BRIEF:
Reproduce the whole listing that follows, character for character, and drop the images.

INPUT DATA:

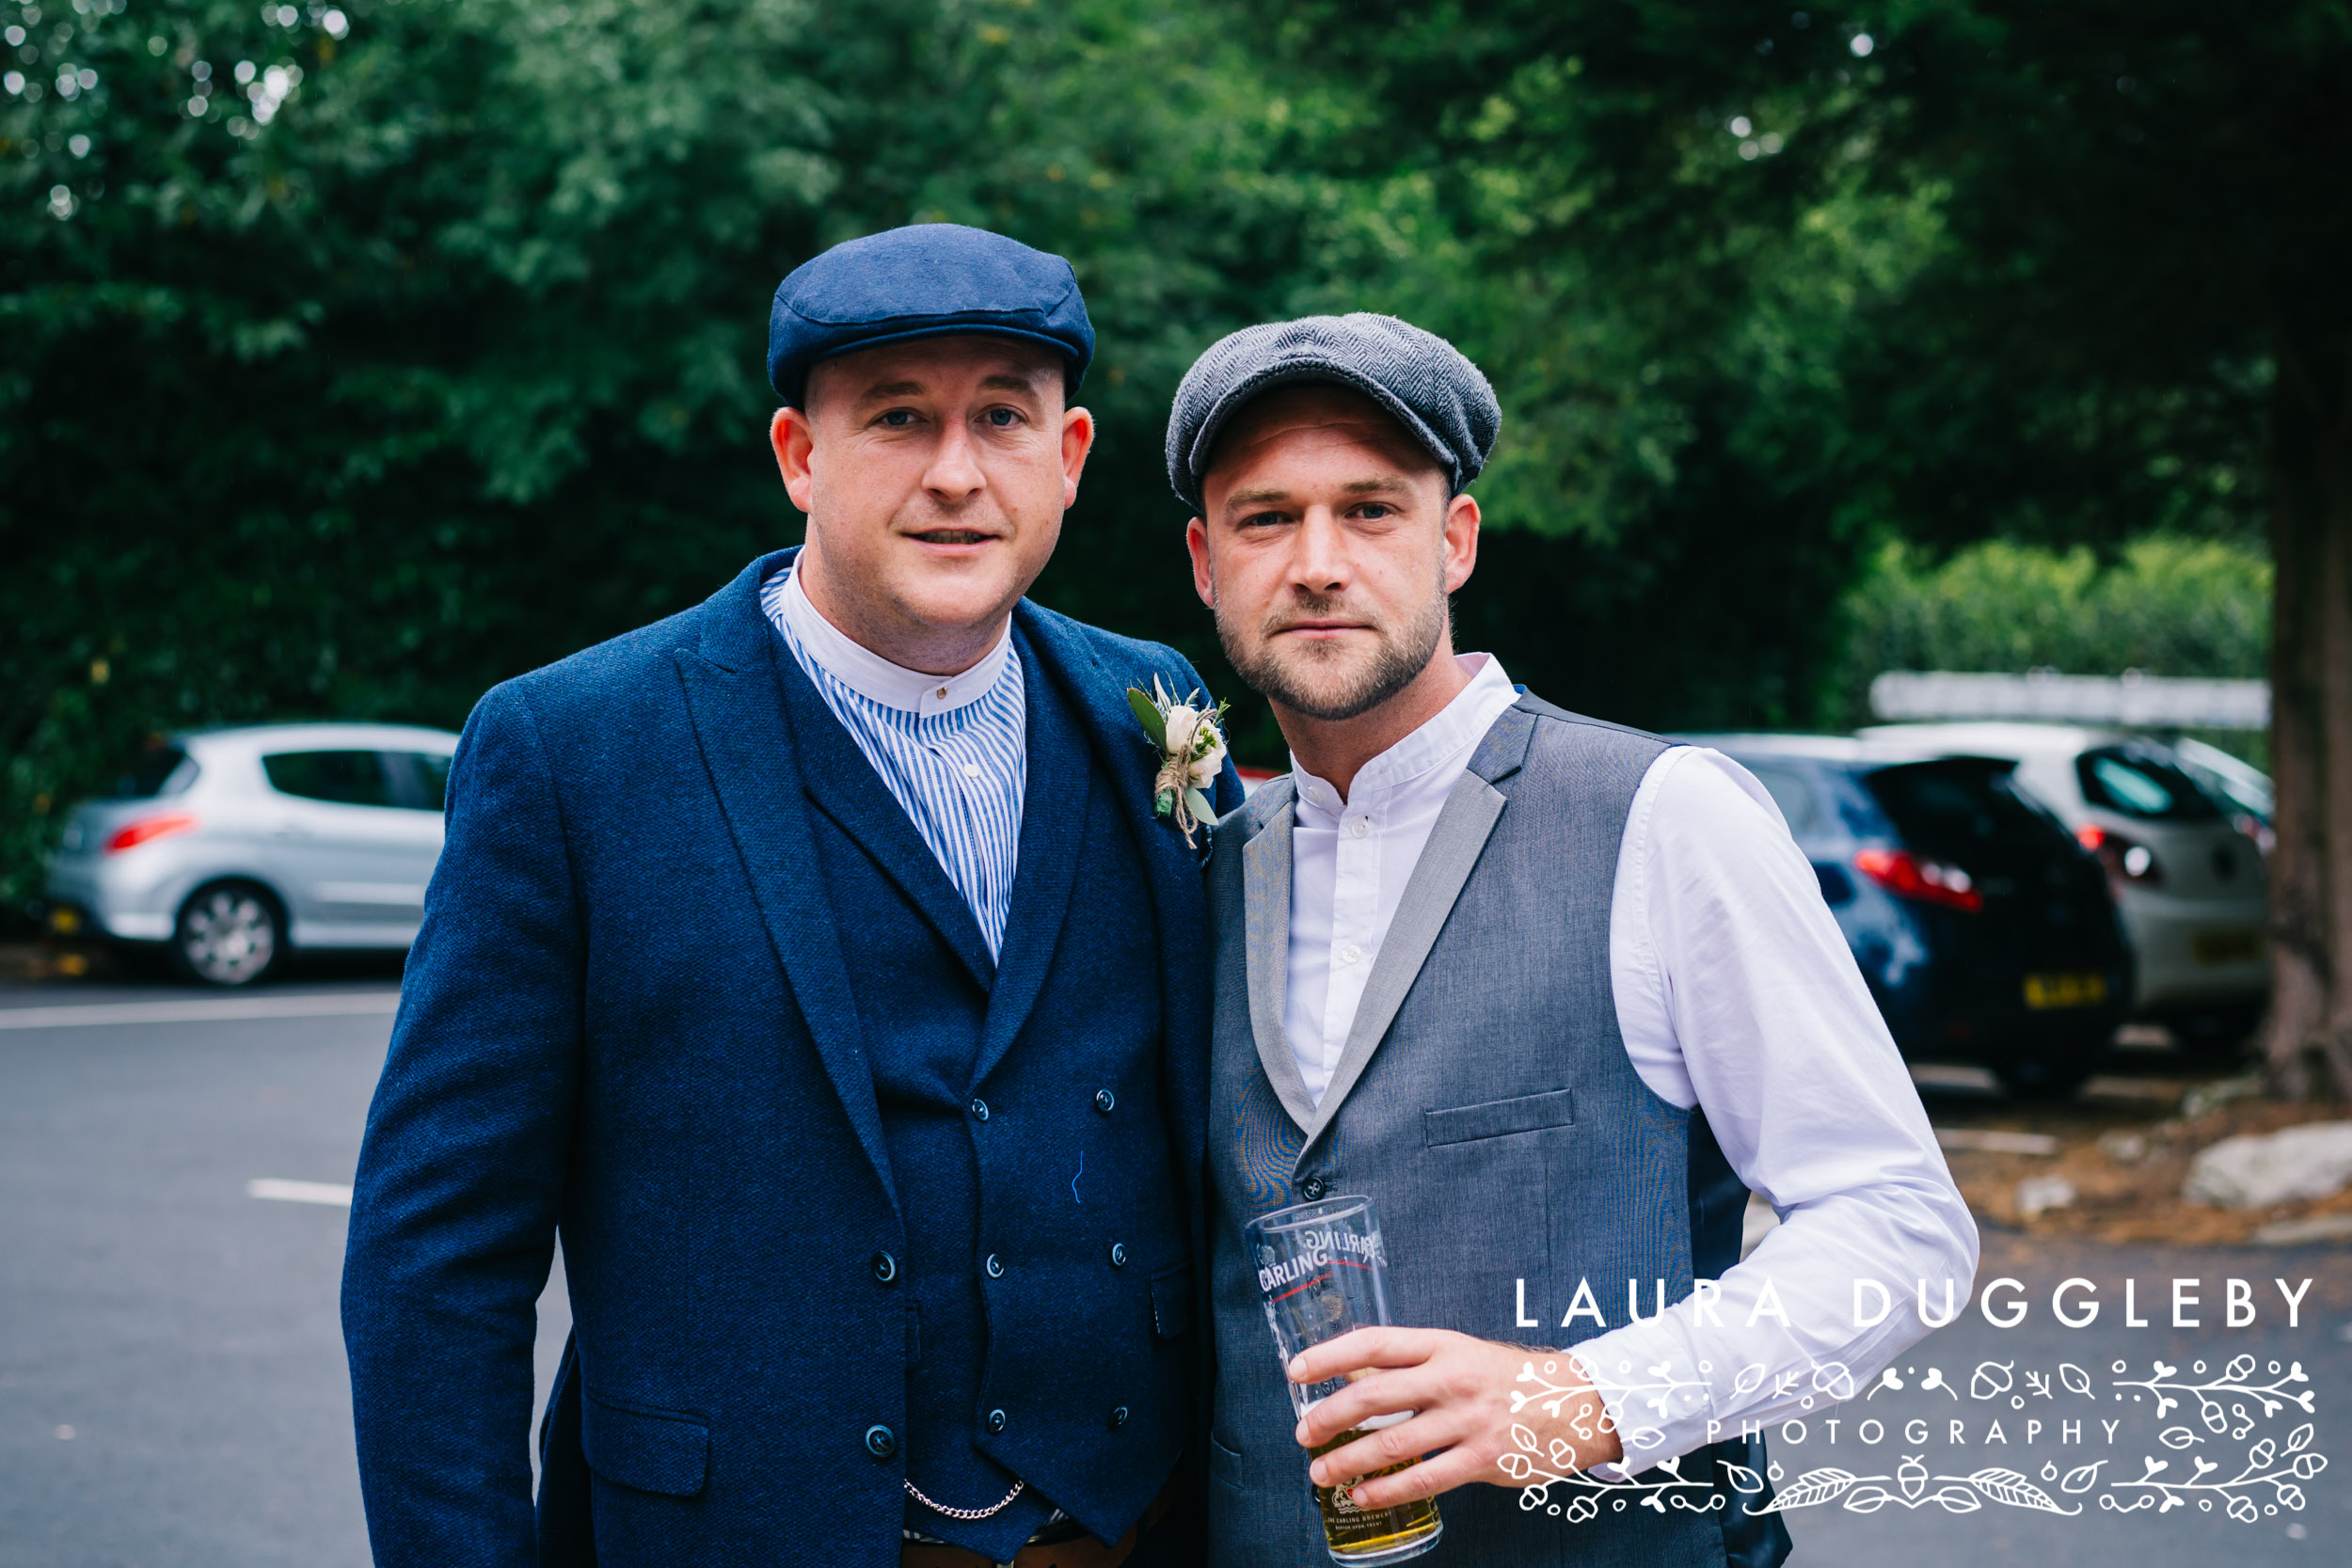 Whitehall Hotel Peaky Blinders Wedding-9.jpg
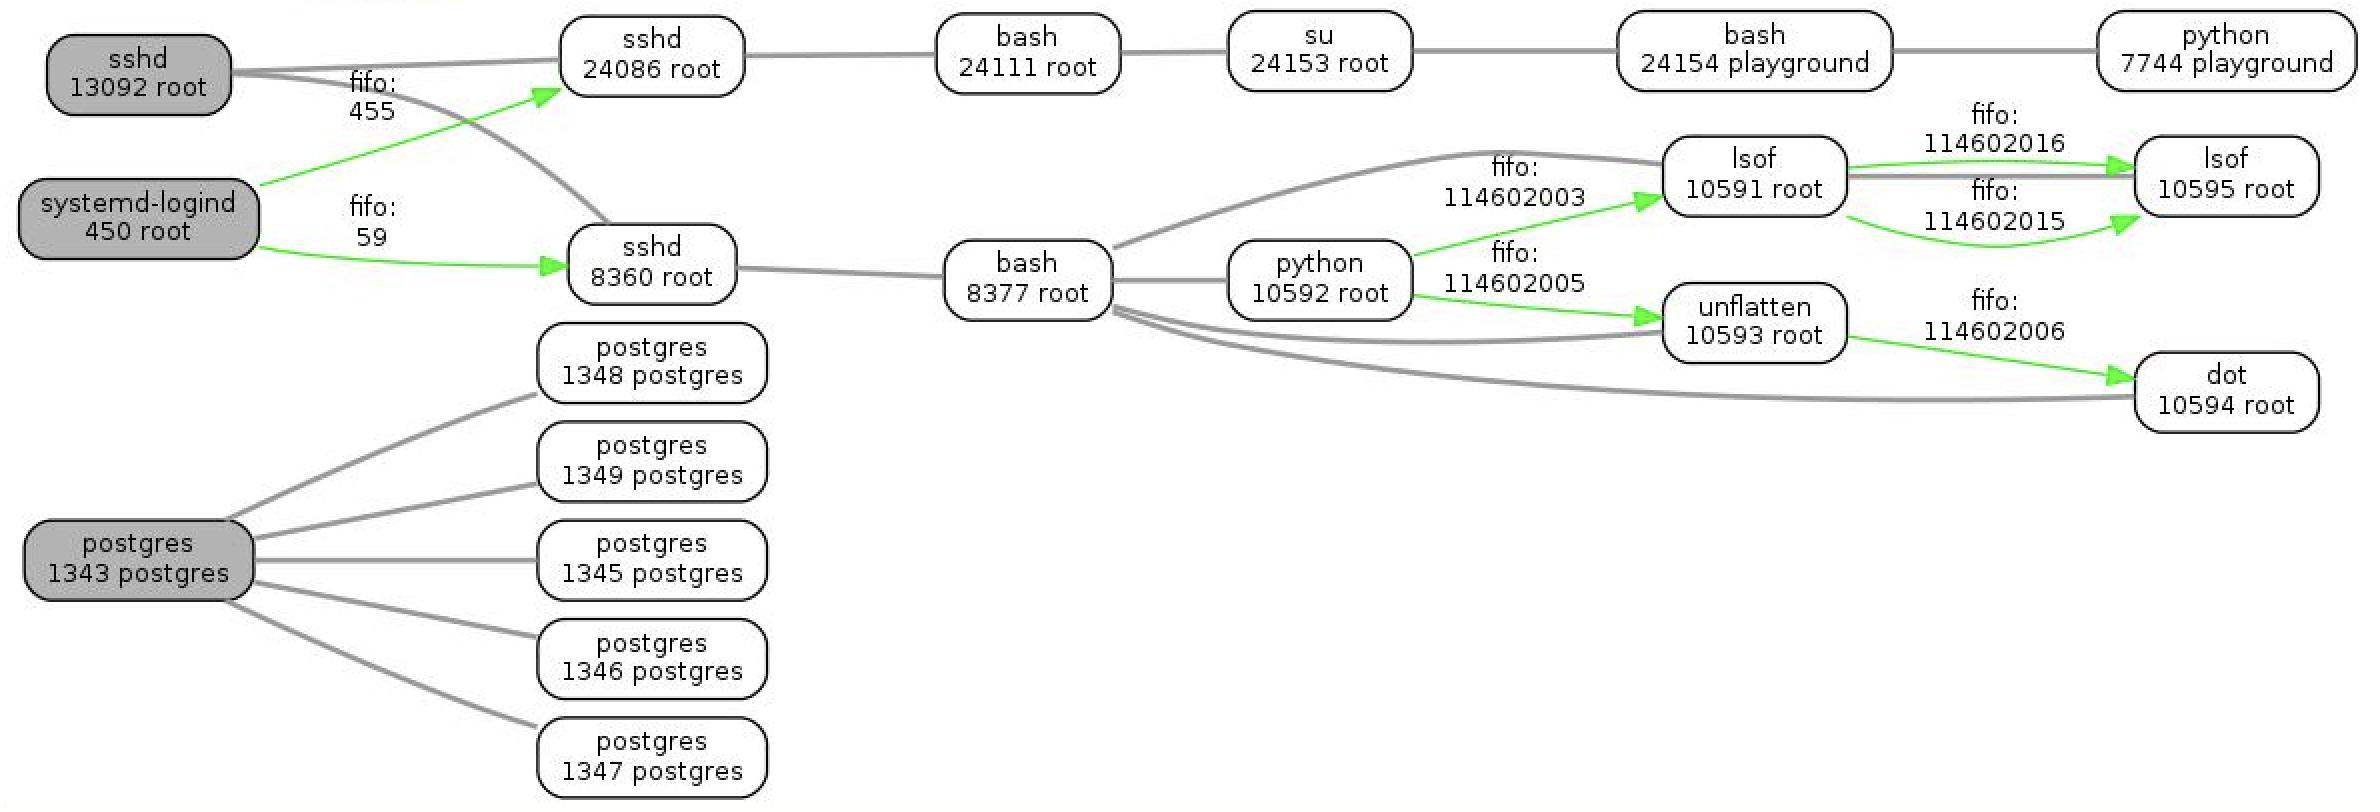 Визуализация связей процессов в Linux - 1
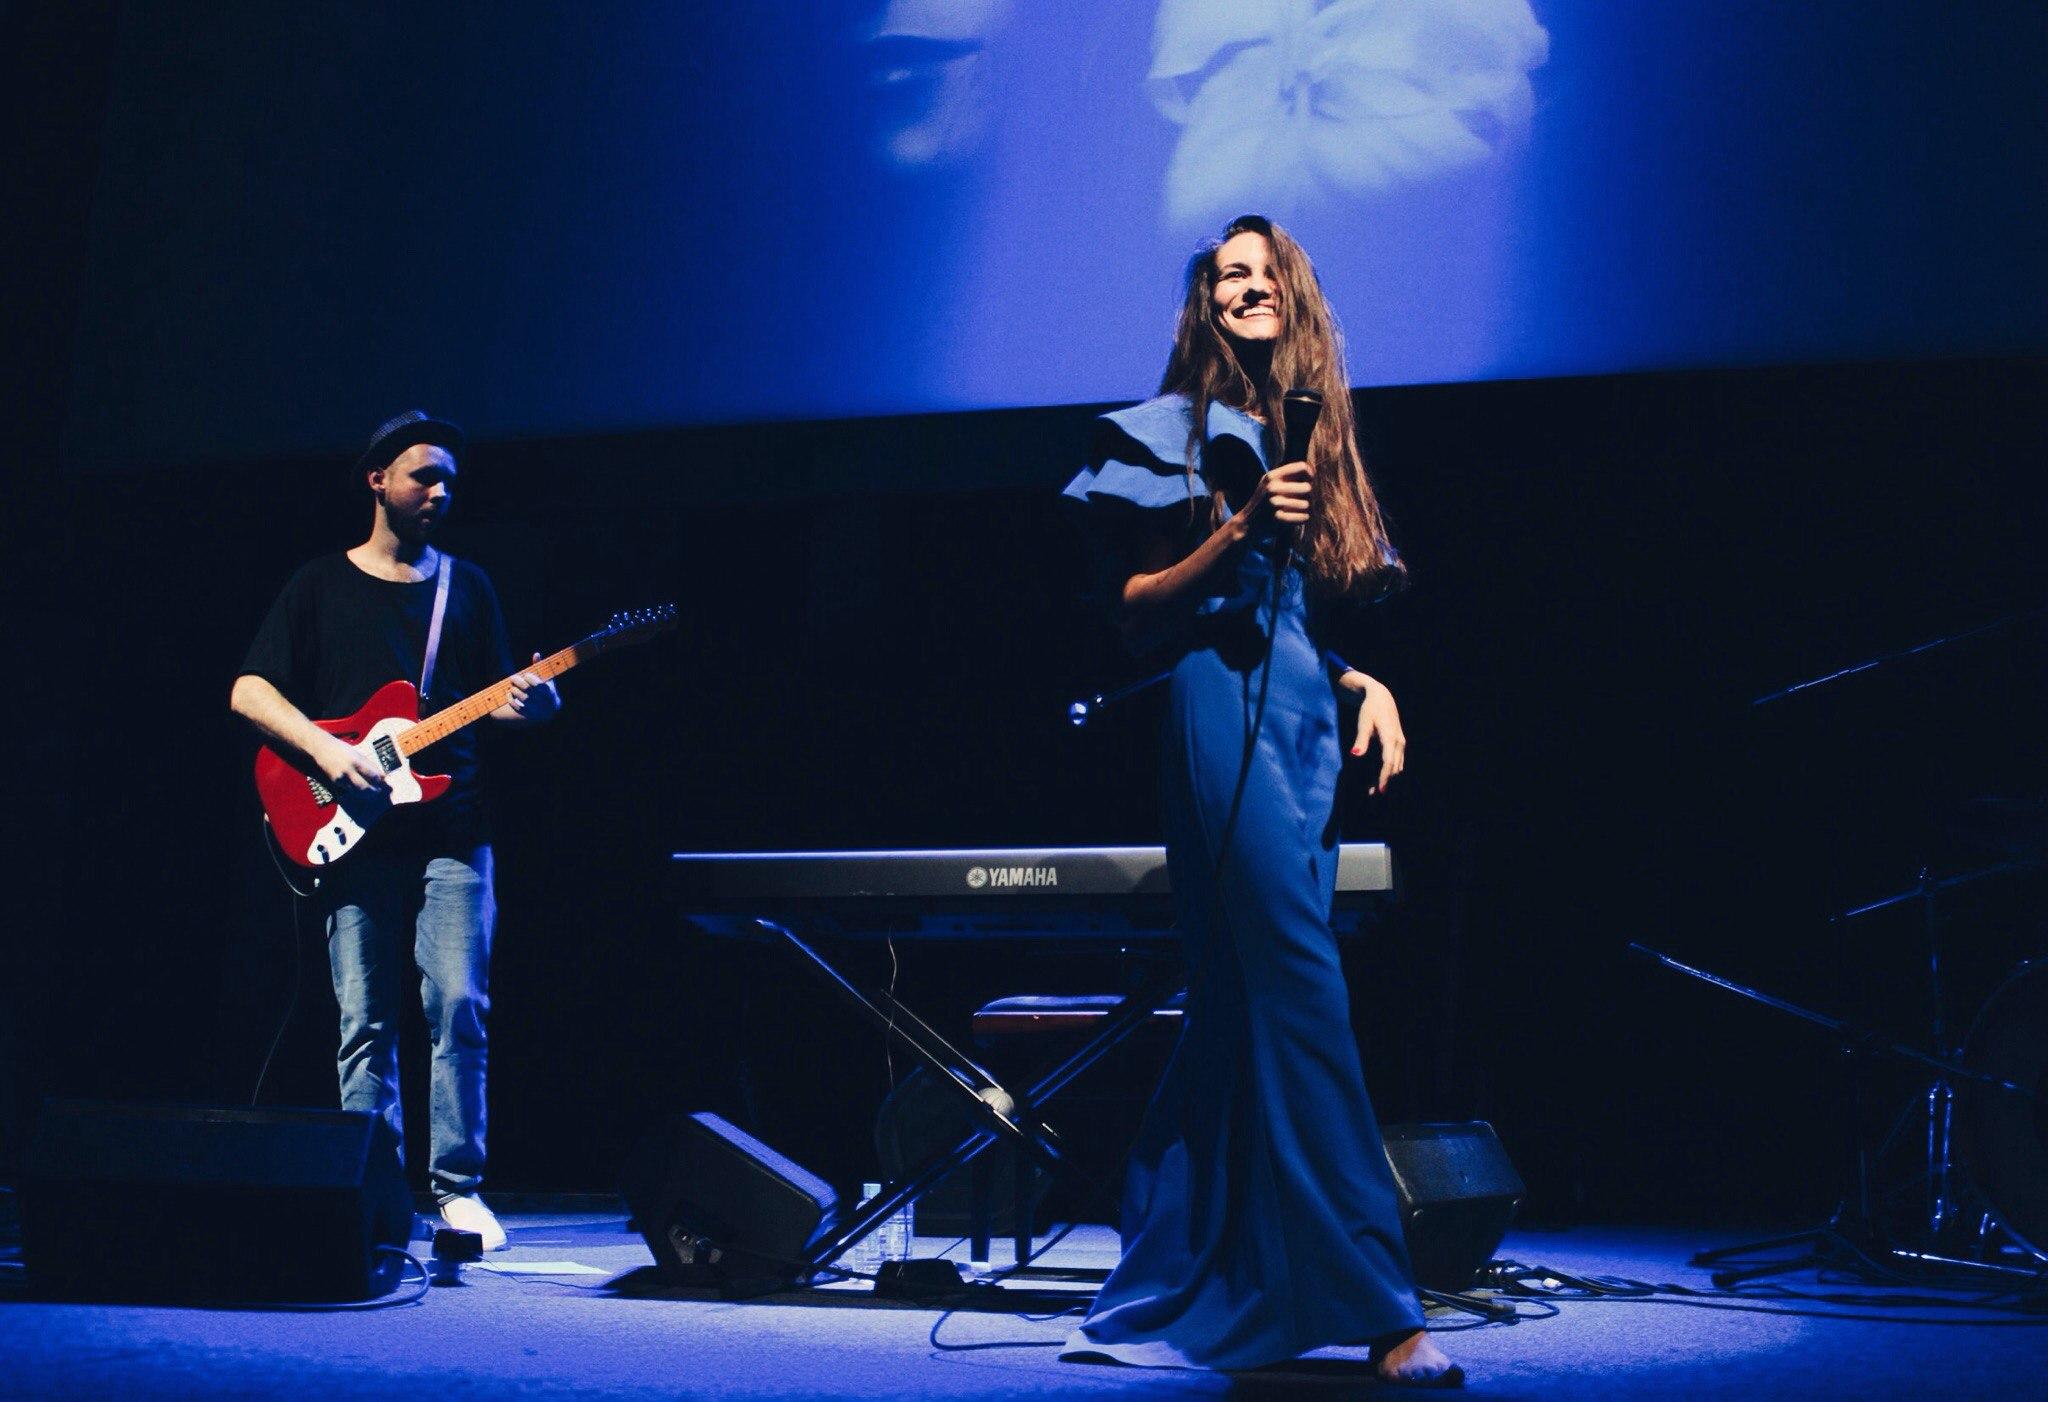 Мария Чайковская Мария Чайковская Певица Мария Чайковская: «Музыка дает ощущение, что в жизни все на своем месте» 212

SOLVED PROBLEM:
 Whitehall Hotel Peaky Blinders Wedding-9.jpg
 Визуализация связей процессов в Linux - 1
 Мария Чайковская Мария Чайковская Певица Мария Чайковская: «Музыка дает ощущение, что в жизни все на своем месте» 212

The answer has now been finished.